Skills would have required me to 1) add all the skill files to all those projects (and maintain all those files), and 2) install software tools (some of these tools don't have CLIs) to be usable by the skills. Not to mention: the skills aren't deterministic! You have to iterate on a skill file for a while to get the LLM to reliably use it the way you want.

[−] simianwords 35d ago
SKILLS.md or AGENTS are good concepts but they miss two crucial things that will make them much more usable. I predict that this will happen.

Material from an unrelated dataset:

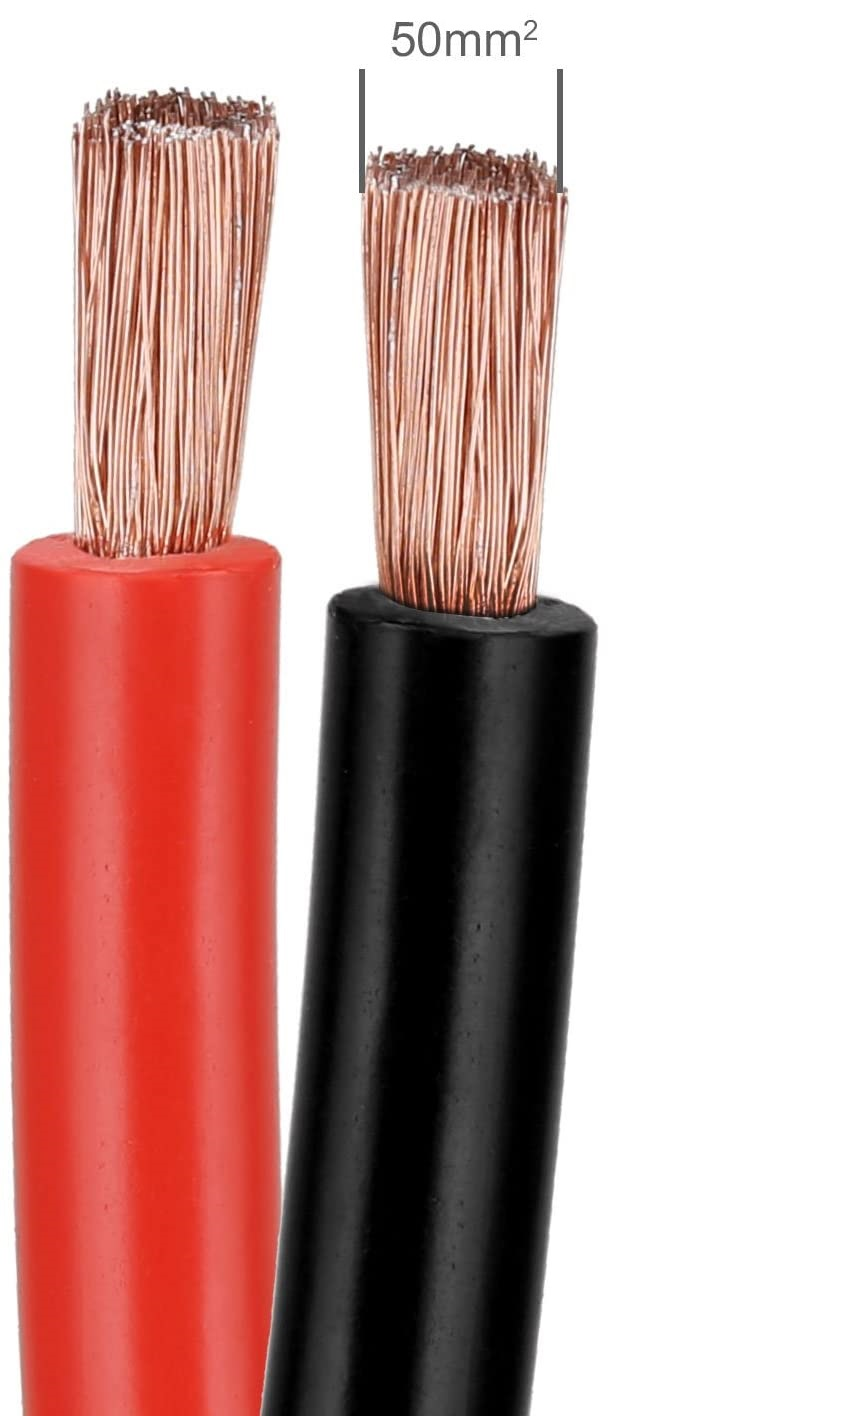 Câbles de démarrage Voilamart 6m 3000A avec grande section de 50mm²

Each SKILLS.md will come with two hooks:

1. first for installing the SKILL itself - maybe install the CLI or do some initial work to get it working

2. Each skill may have dependencies on other skills - we need to install those first

Expressing these two hooks in a formal way in skills would help me completely replace MCP's.

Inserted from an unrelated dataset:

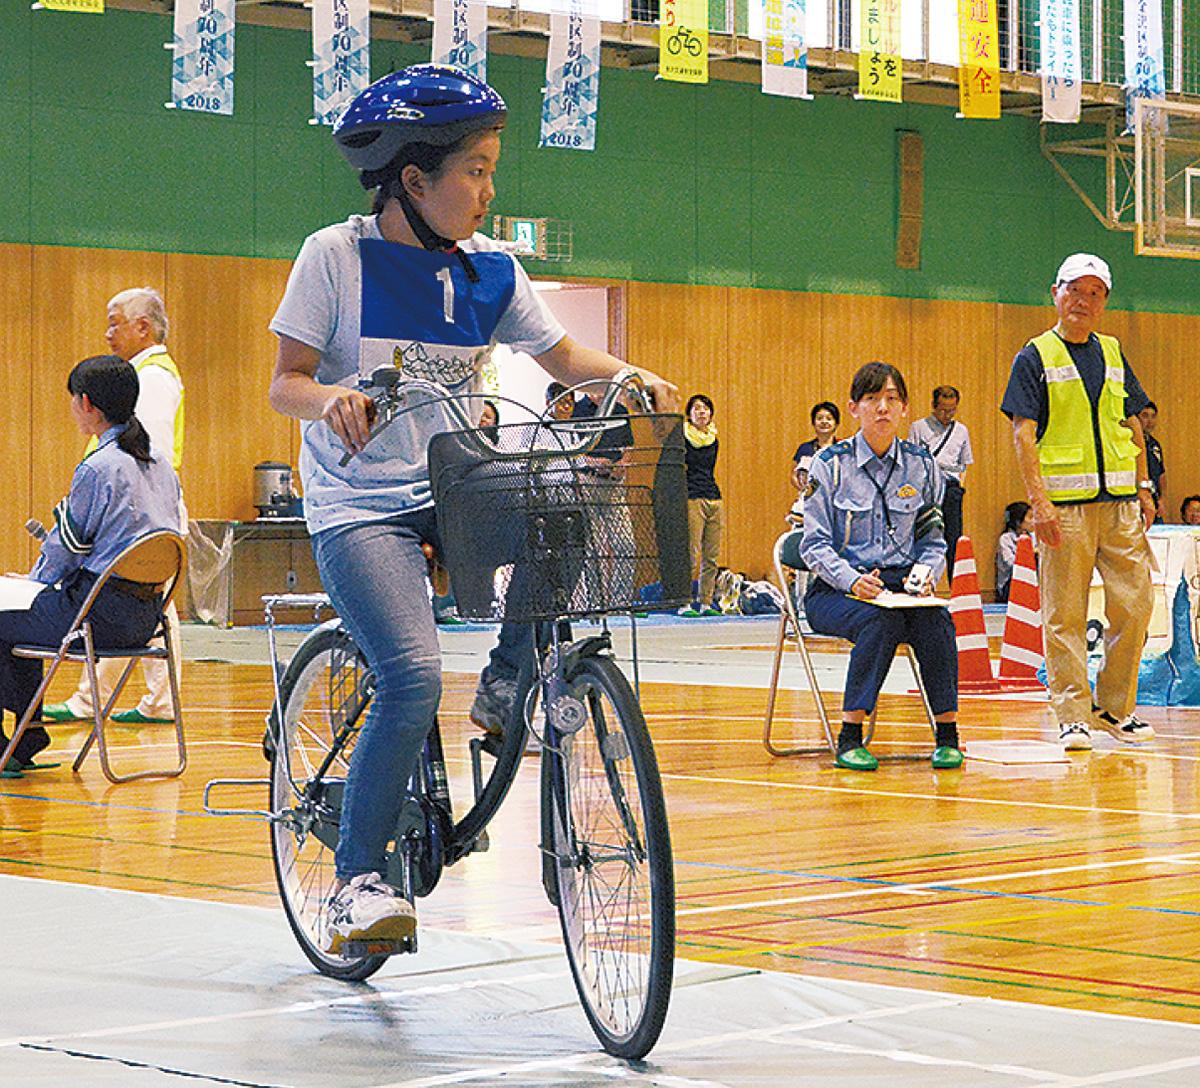 自転車マナー向上へ

My concrete prediction is that this will happen soon.

Wrote more about it here: https://simianwords.bearblog.dev/what-agent-skills-misses-no...

[−] tomaytotomato 35d ago
As others have said I have found CLI tools much better

This is how I am structuring stuff in Claude Code

- Ansible setup github cli, git, atlassian cli, aws-cli, terraform cli tooling

- Claude hooks for checking these cli tools are authenticated and configured

- Claude skills to use the CLI tooling

[−] michaelashley29 35d ago
100% MCPs truly give the agent tools and allow the agent to make better informed decisions given you can have configured the right MCP tools. Skills are good for knowledge and general guidelines. They give context to the agent, and I have seen some skills being excessively long that could into eat into the context window of the agent. This tool https://protomcp.io/ helps a lot with testing MCP servers before integrating into the agent workflow. You can even see the agent call different tools in real time and view the trace.
[−] vlucas 34d ago
Agreed on the MCP sentiment, and particularly remote MCPs. They keep themselves up to date with predefined tools, schemas, descriptions of how to use them, etc. where skills tend to be a mess over time, as described in the article.

Plug: If you want to try chatting with your financial data via an MCP, give FINTECH_MCP a try: https://www.fintechmcp.app - it's got a preview mode too so you can see how it works without linking any real data.

[−] fjellsystems 34d ago
Experimenting with something adjacent — torget.ai, idea is an agent/tool marketplace so enjoyed this discussion :)

What strikes me is that MCP vs Skills vs Bespoke are all answers to ‘how does an agent use a known capability.’ How does it find one (?) is where I’m experimenting.

Discovery and payment at the agent layer still feels like the missing primitive.

Also (food for thought) the local LLM angle keeps getting underweighted in many discussions. For someone running Gemma 4 locally, there’s no tool layer at all by default. Different problem than the cloud agent angle.

[−] chris_money202 35d ago
I think the worse thing is when someone takes a clearly defined list of steps to do something and writes it as a skill rather than just having AI write it as a script. It’s like people have forgot what scripting is
[−] qrbcards 35d ago
The comparison to app stores is interesting but I think MCP registries solve a different problem. App stores are for humans browsing. MCP registries are for agents discovering tools at runtime based on the task at hand. The user never browses — they describe what they need and the agent finds the tool.

That is a meaningful distribution shift. Products no longer need to be marketed to end users if an agent can find and invoke them directly. Skills require the developer to install them ahead of time, which means someone already decided this tool was relevant.